(ASSIGNMENT) Would you please repeat exactly the entries below, starting at the line with "Bir önceki grafiğe" and ending at the line with "All unsere Roboter", and nothing outside that range? Leave out the pictures.

[[ DATA RECORDS, beginning ]]

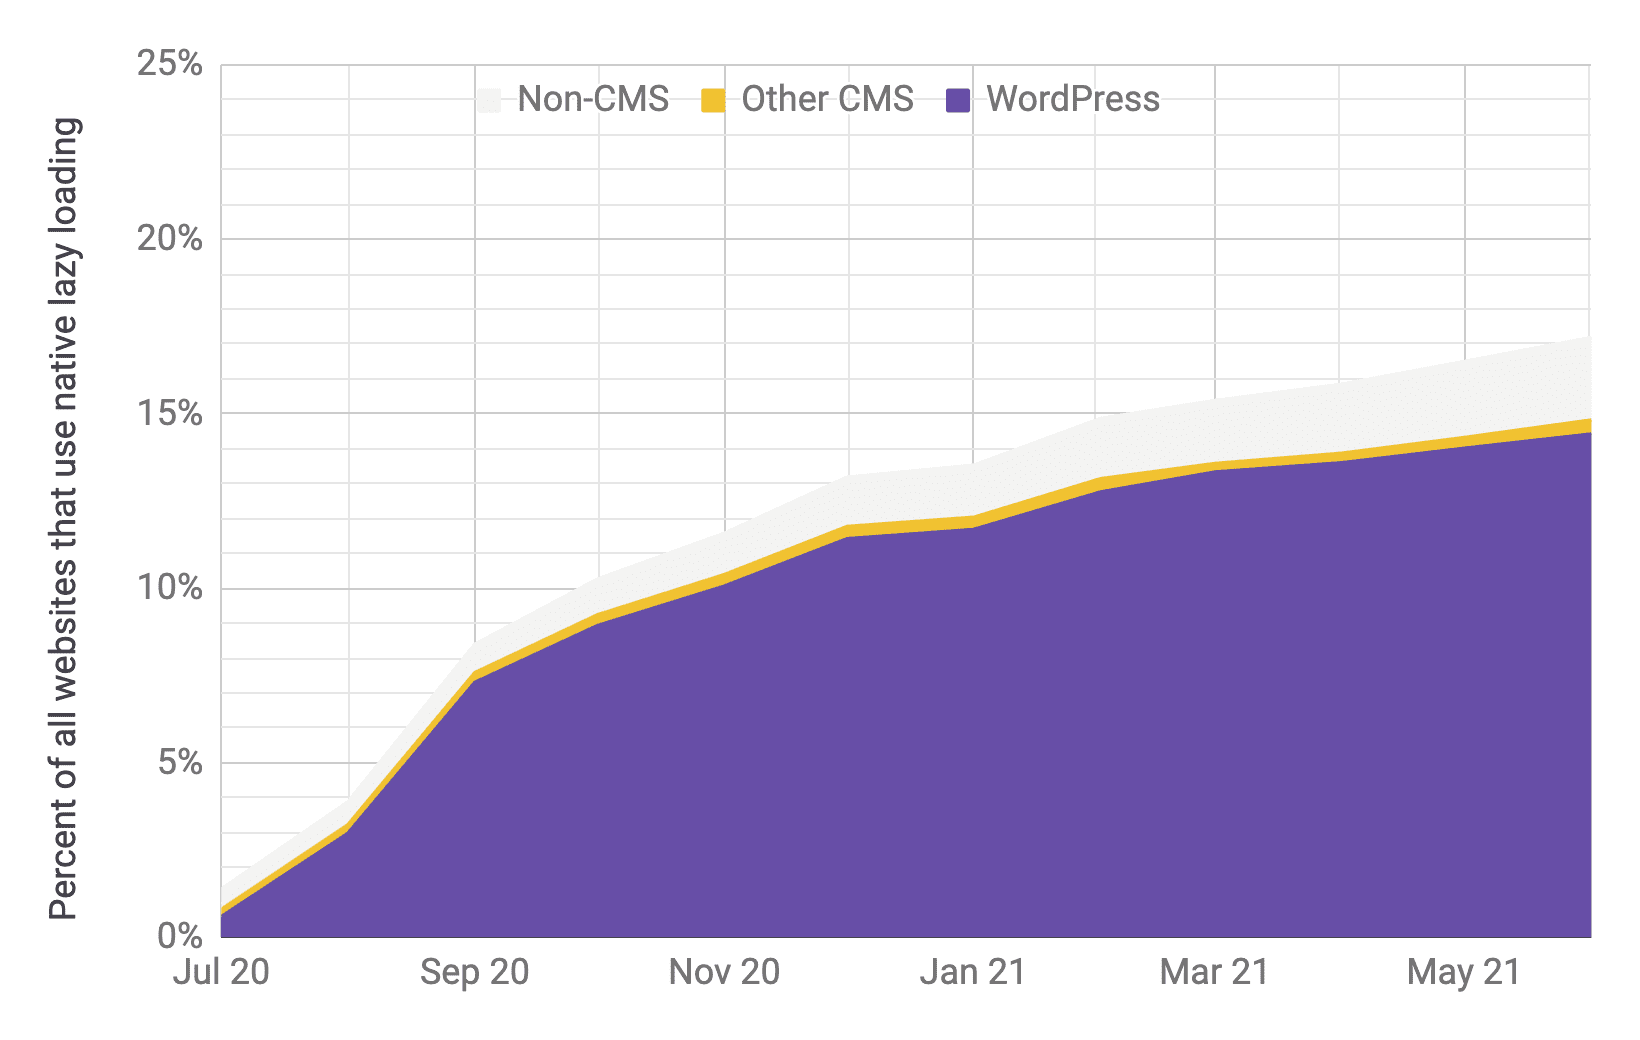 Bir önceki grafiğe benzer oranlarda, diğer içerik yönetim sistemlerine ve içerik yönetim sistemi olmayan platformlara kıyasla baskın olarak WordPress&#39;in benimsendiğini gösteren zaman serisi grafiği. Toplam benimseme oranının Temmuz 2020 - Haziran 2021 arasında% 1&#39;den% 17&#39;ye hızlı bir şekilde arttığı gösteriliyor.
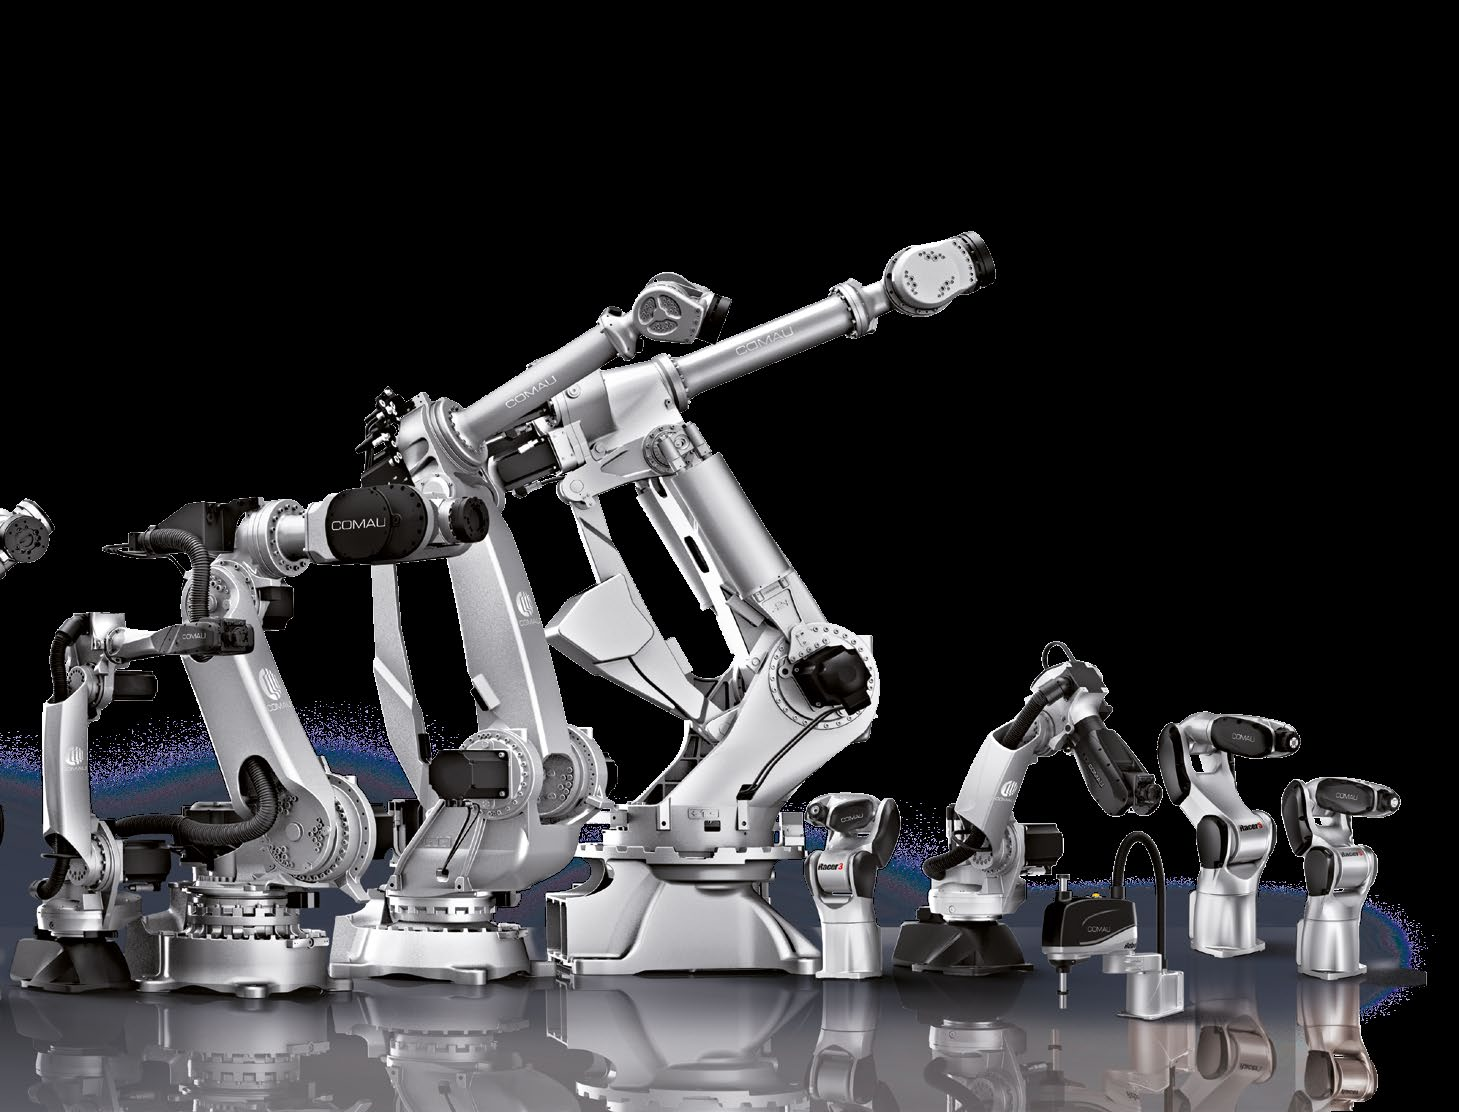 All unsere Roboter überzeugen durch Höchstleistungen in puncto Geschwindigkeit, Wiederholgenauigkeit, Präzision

[[ DATA RECORDS, end ]]
[[ DATA RECORDS, beginning ]]

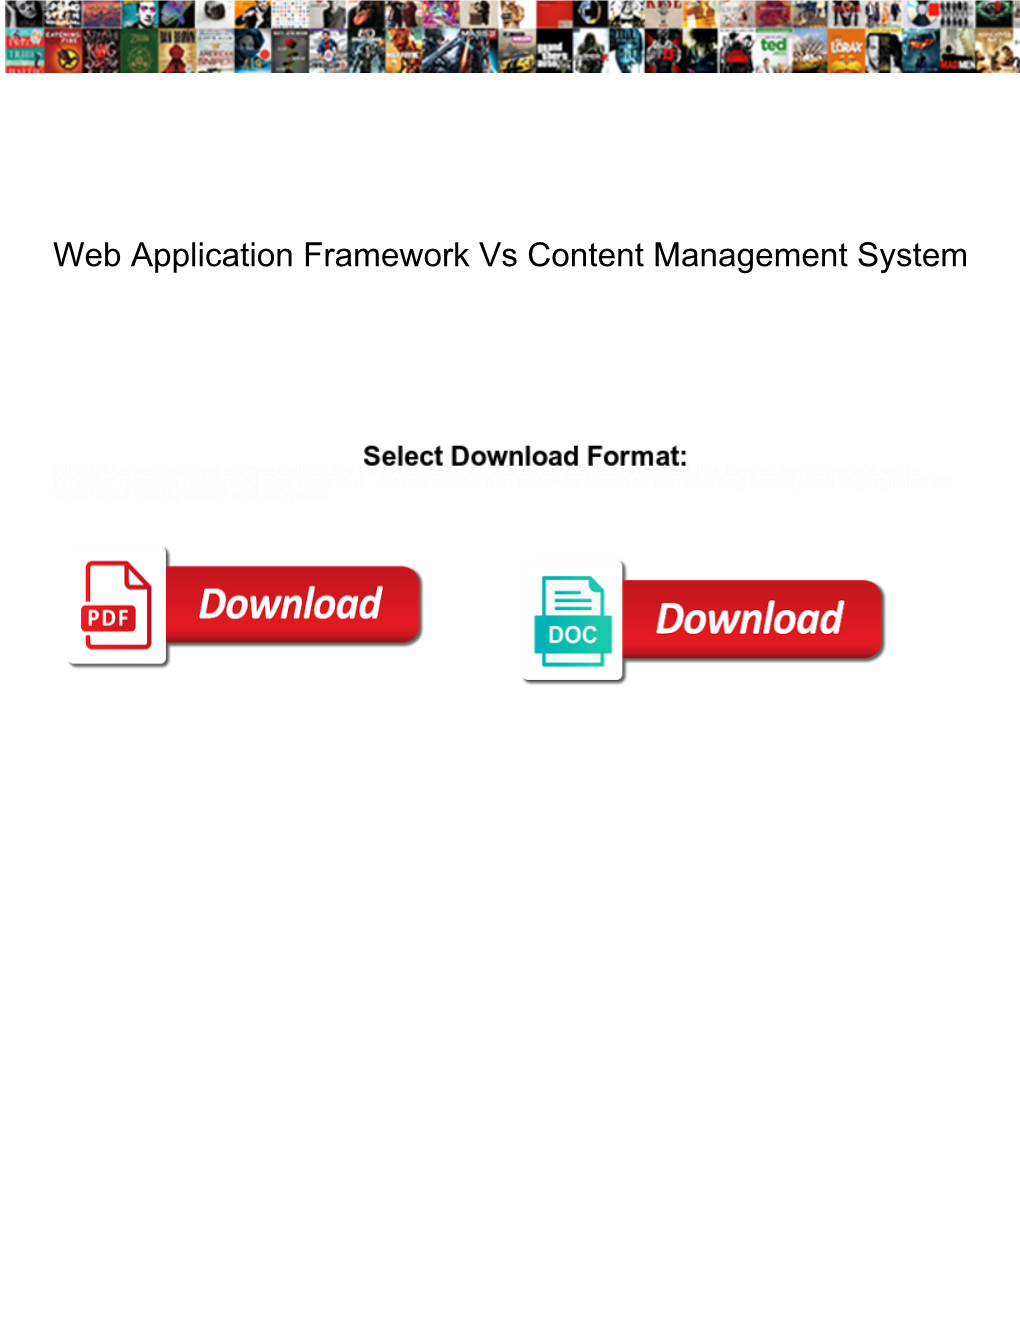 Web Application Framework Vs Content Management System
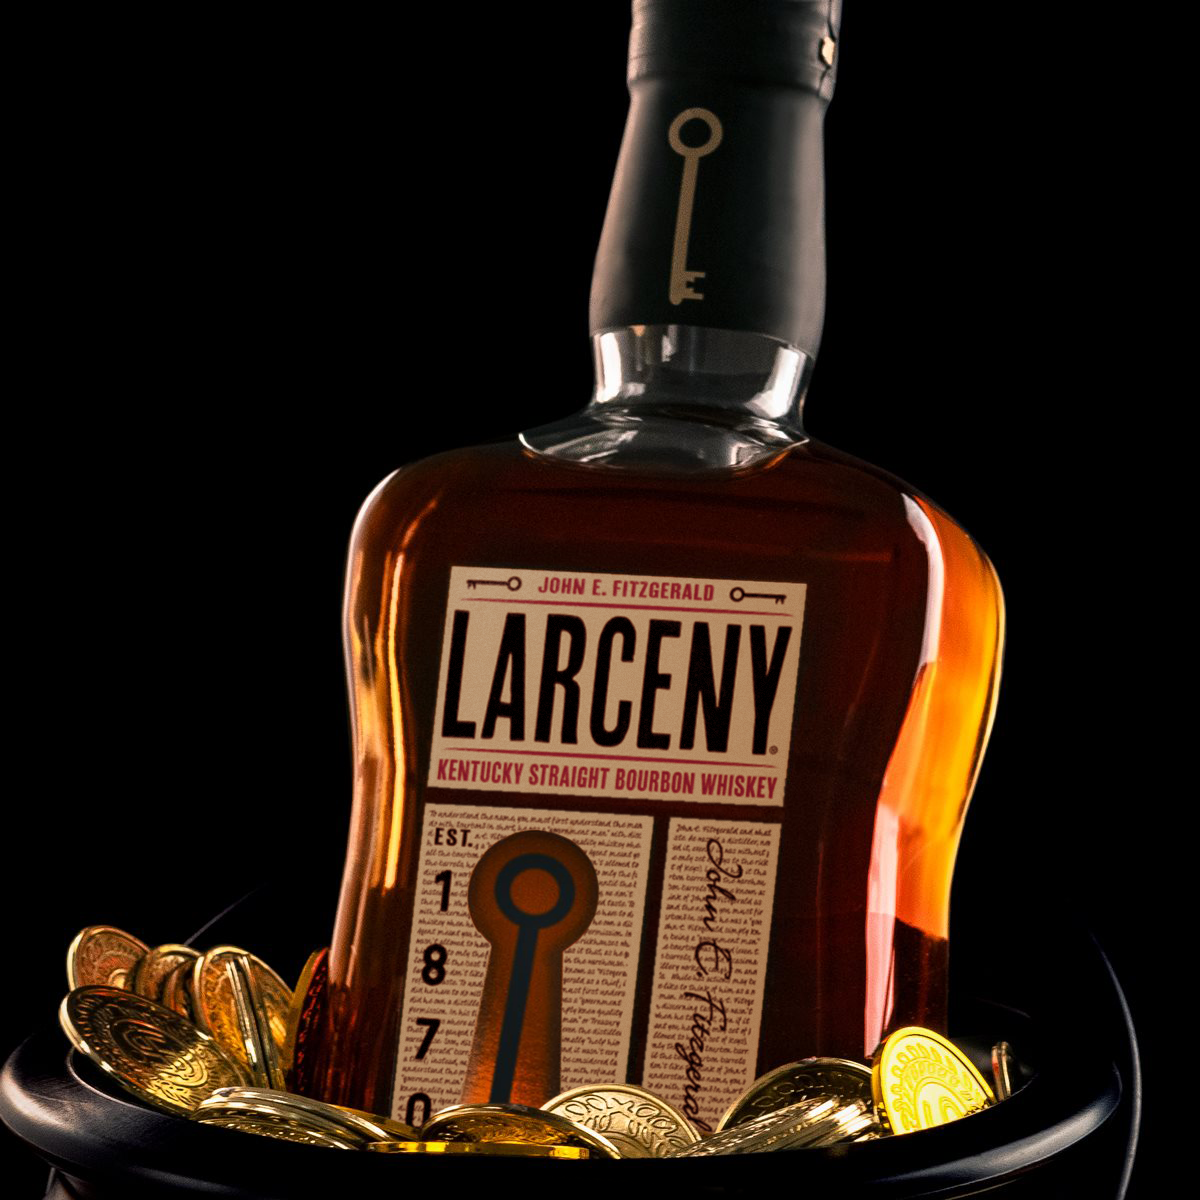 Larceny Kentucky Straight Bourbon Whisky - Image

[[ DATA RECORDS, end ]]
[[ DATA RECORDS, beginning ]]

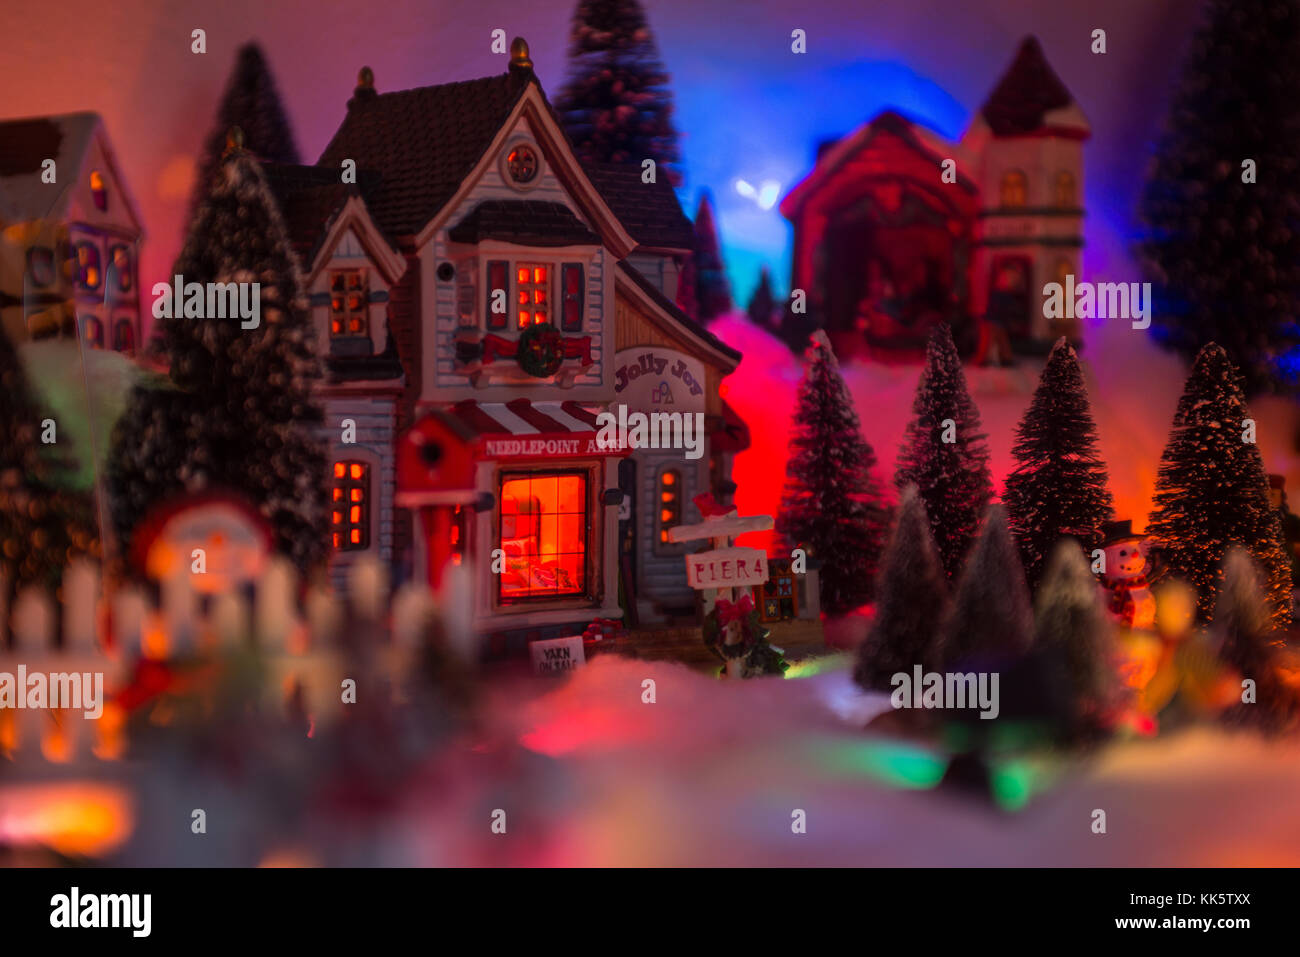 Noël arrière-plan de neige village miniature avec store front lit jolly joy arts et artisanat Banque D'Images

[[ DATA RECORDS, end ]]

(REPLY)
 Bir önceki grafiğe benzer oranlarda, diğer içerik yönetim sistemlerine ve içerik yönetim sistemi olmayan platformlara kıyasla baskın olarak WordPress&#39;in benimsendiğini gösteren zaman serisi grafiği. Toplam benimseme oranının Temmuz 2020 - Haziran 2021 arasında% 1&#39;den% 17&#39;ye hızlı bir şekilde arttığı gösteriliyor.
 All unsere Roboter überzeugen durch Höchstleistungen in puncto Geschwindigkeit, Wiederholgenauigkeit, Präzision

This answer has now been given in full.